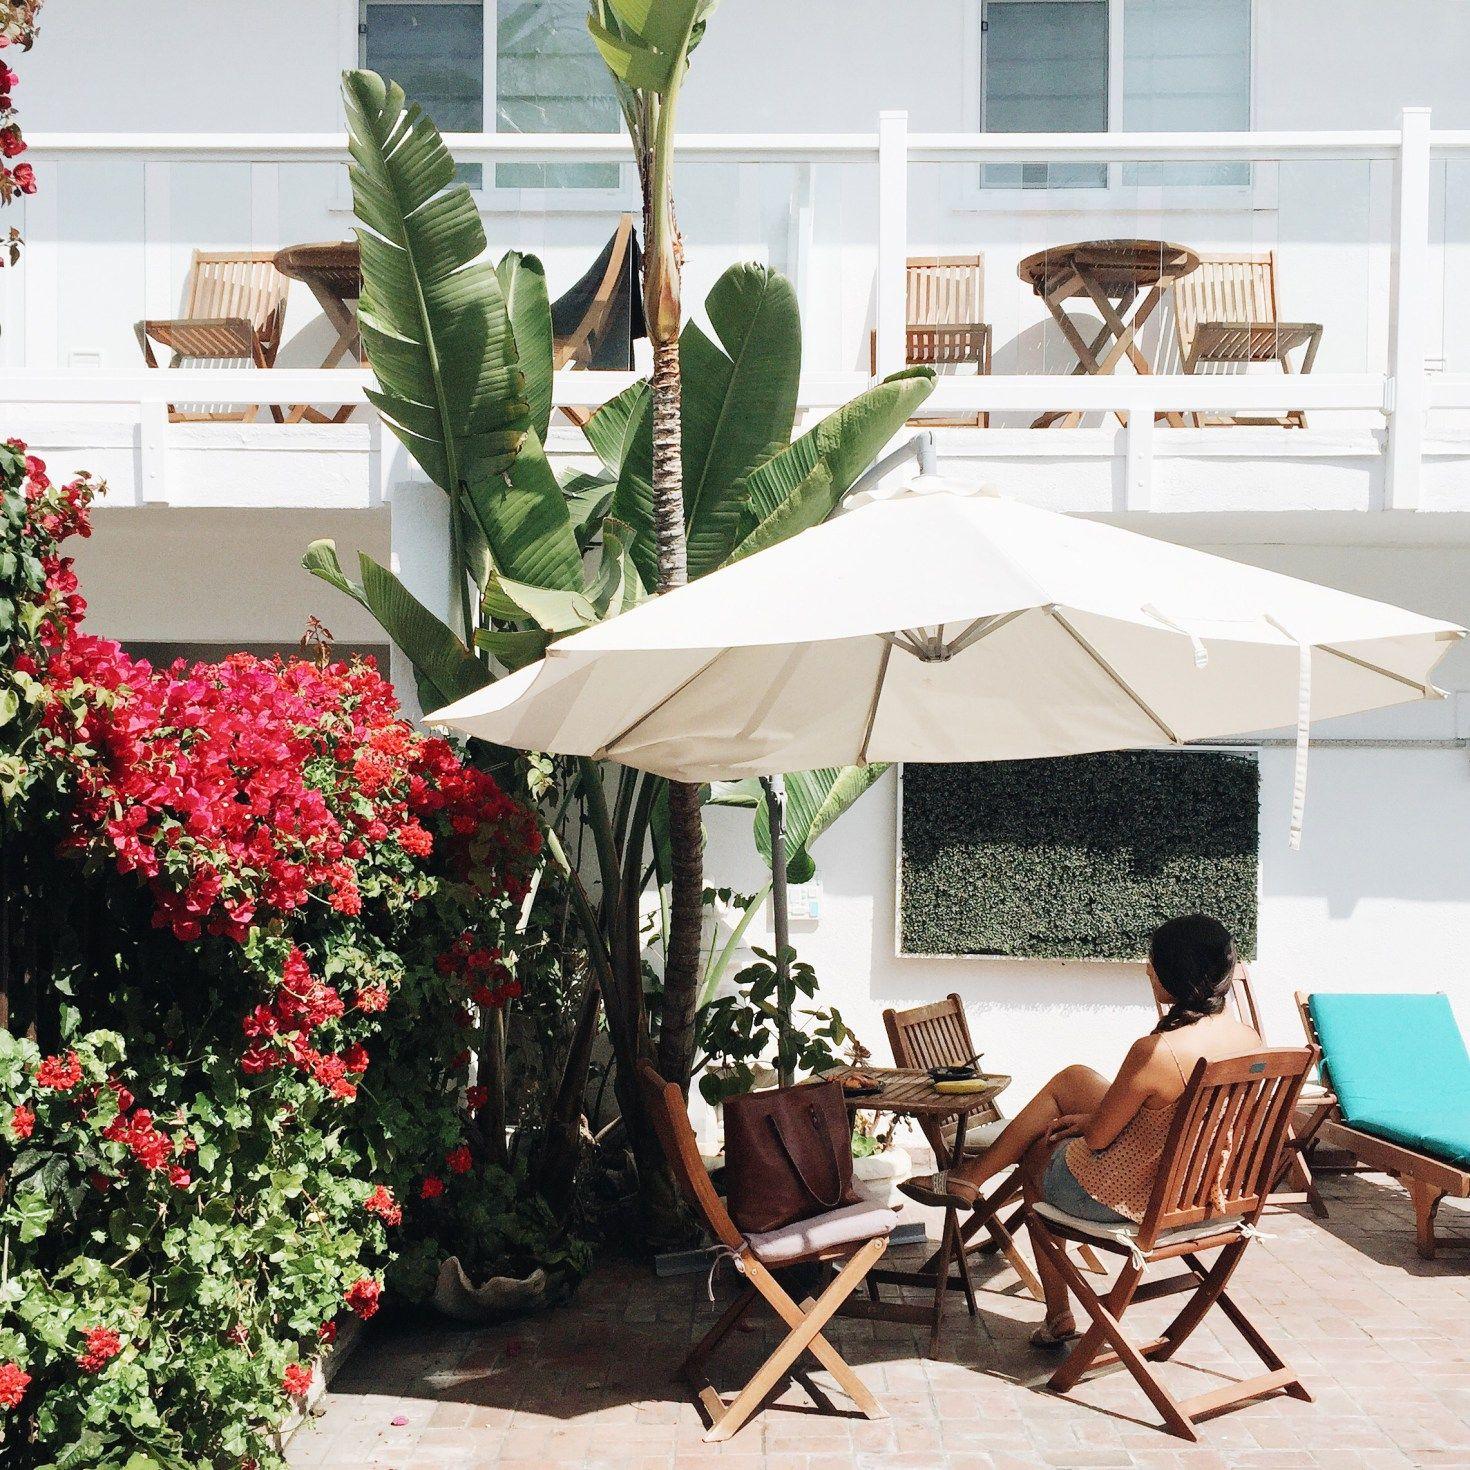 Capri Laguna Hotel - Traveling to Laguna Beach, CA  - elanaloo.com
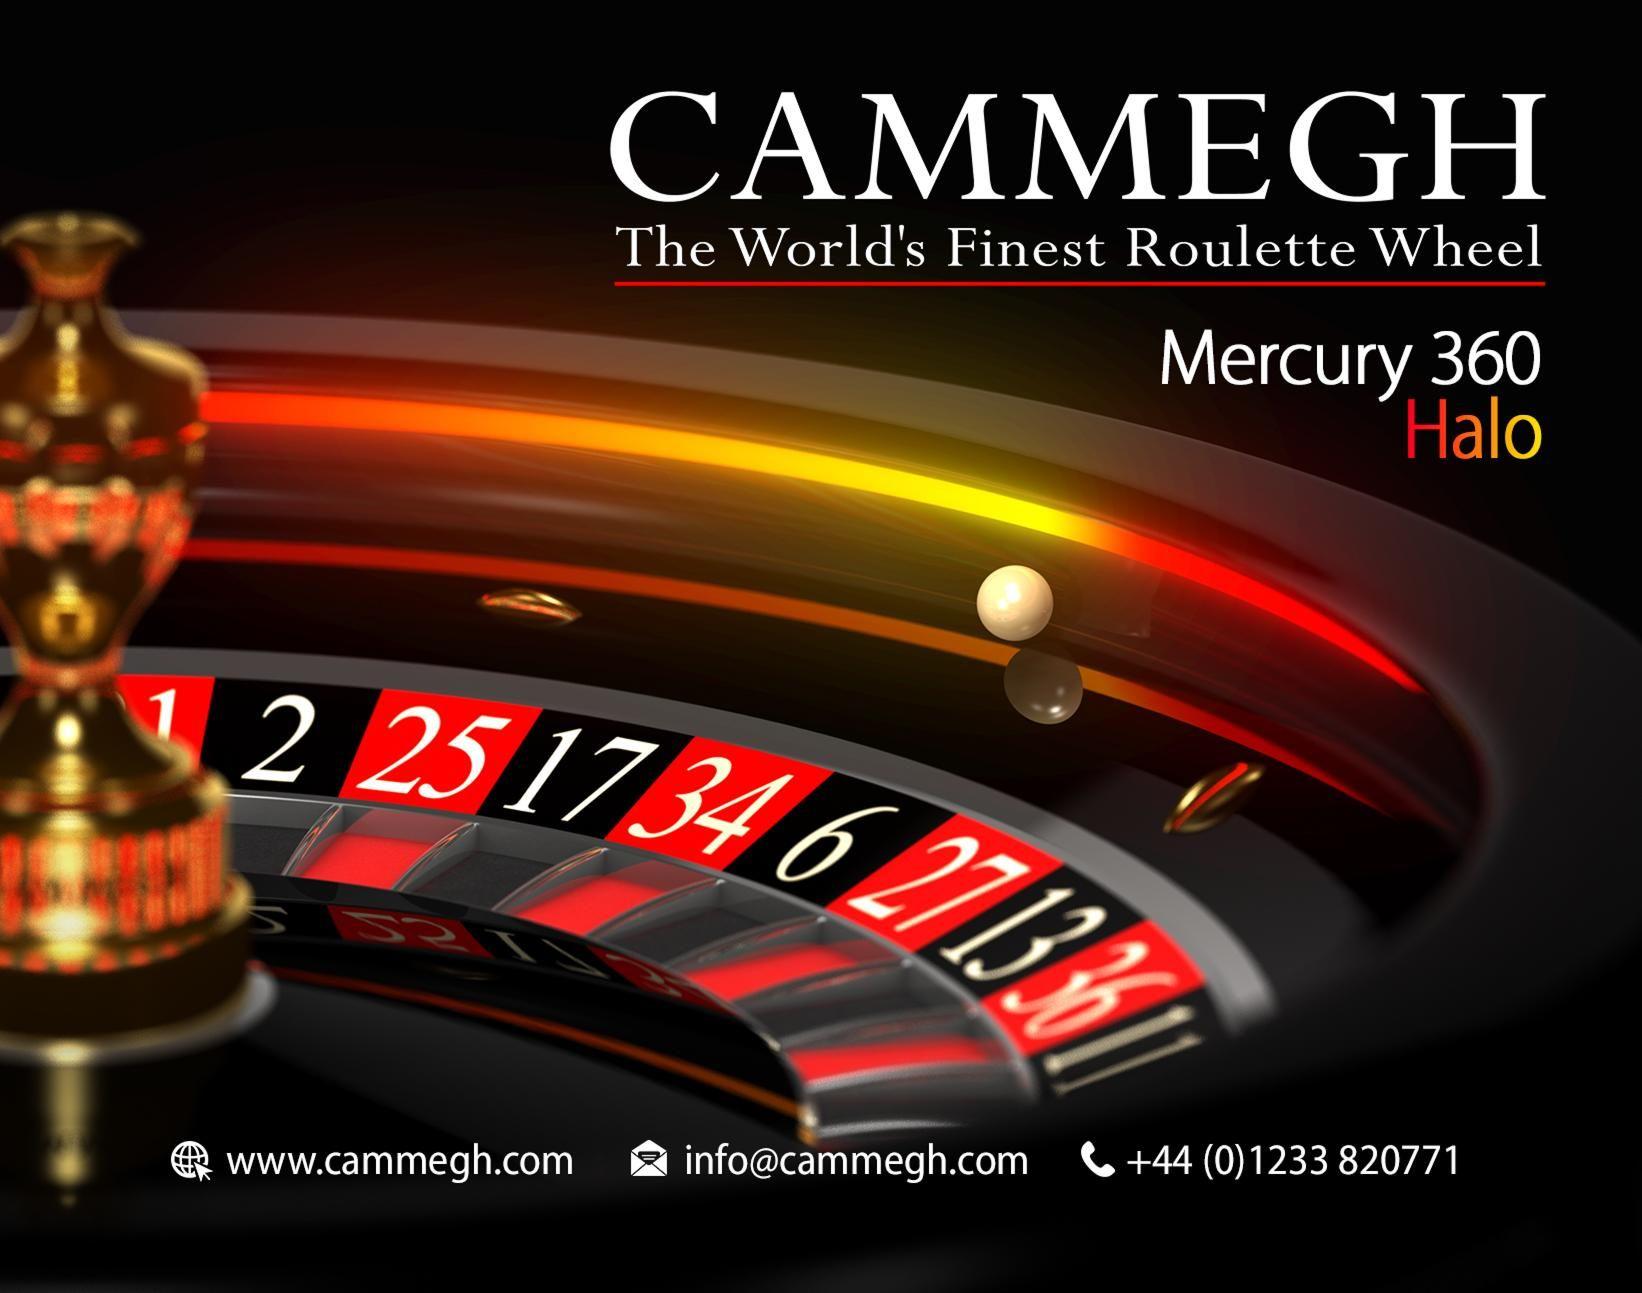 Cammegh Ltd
==
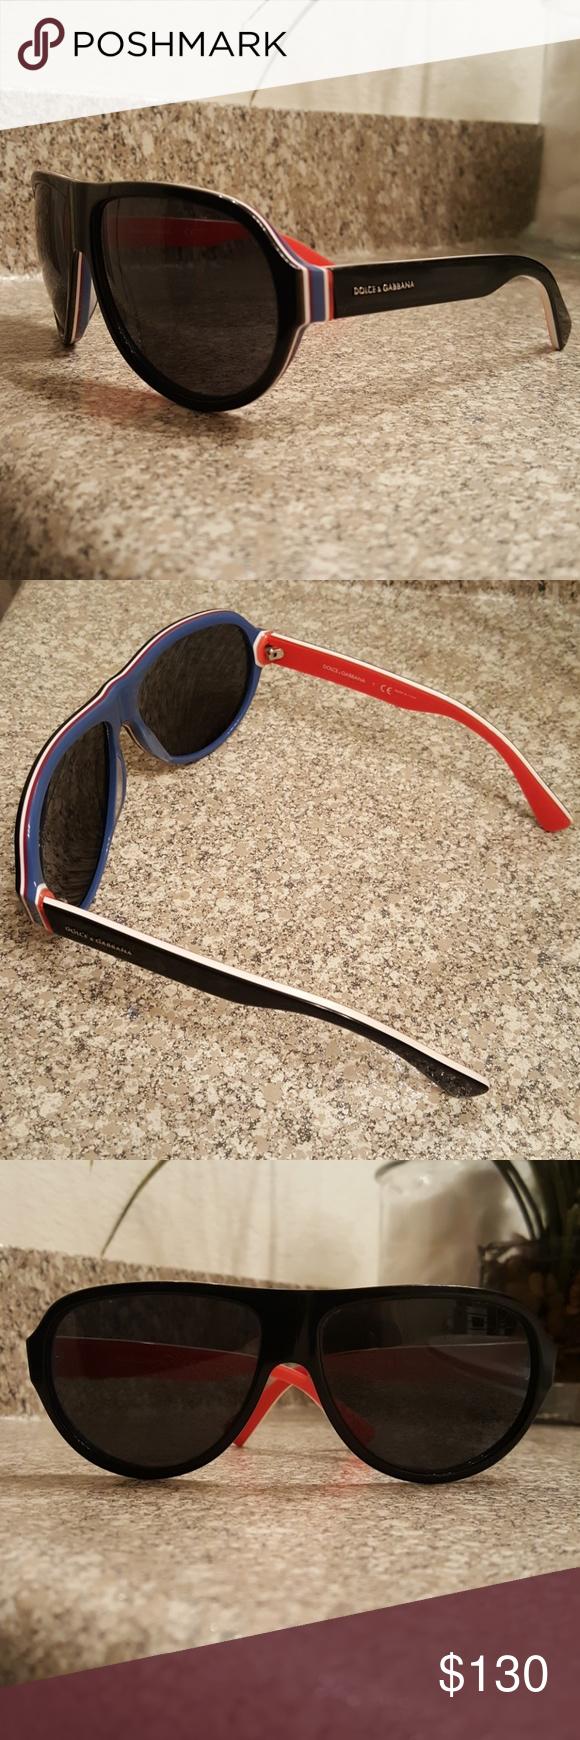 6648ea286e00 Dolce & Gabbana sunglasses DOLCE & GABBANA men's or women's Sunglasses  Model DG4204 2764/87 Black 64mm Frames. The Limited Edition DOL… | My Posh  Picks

Work task
Beginning with the line above that contains "Capri Laguna Hotel" and finishing with the line that contains "Cammegh Ltd", print those lines exactly and only. Skip all pictures.

Answer to the problem
 Capri Laguna Hotel - Traveling to Laguna Beach, CA  - elanaloo.com
 Cammegh Ltd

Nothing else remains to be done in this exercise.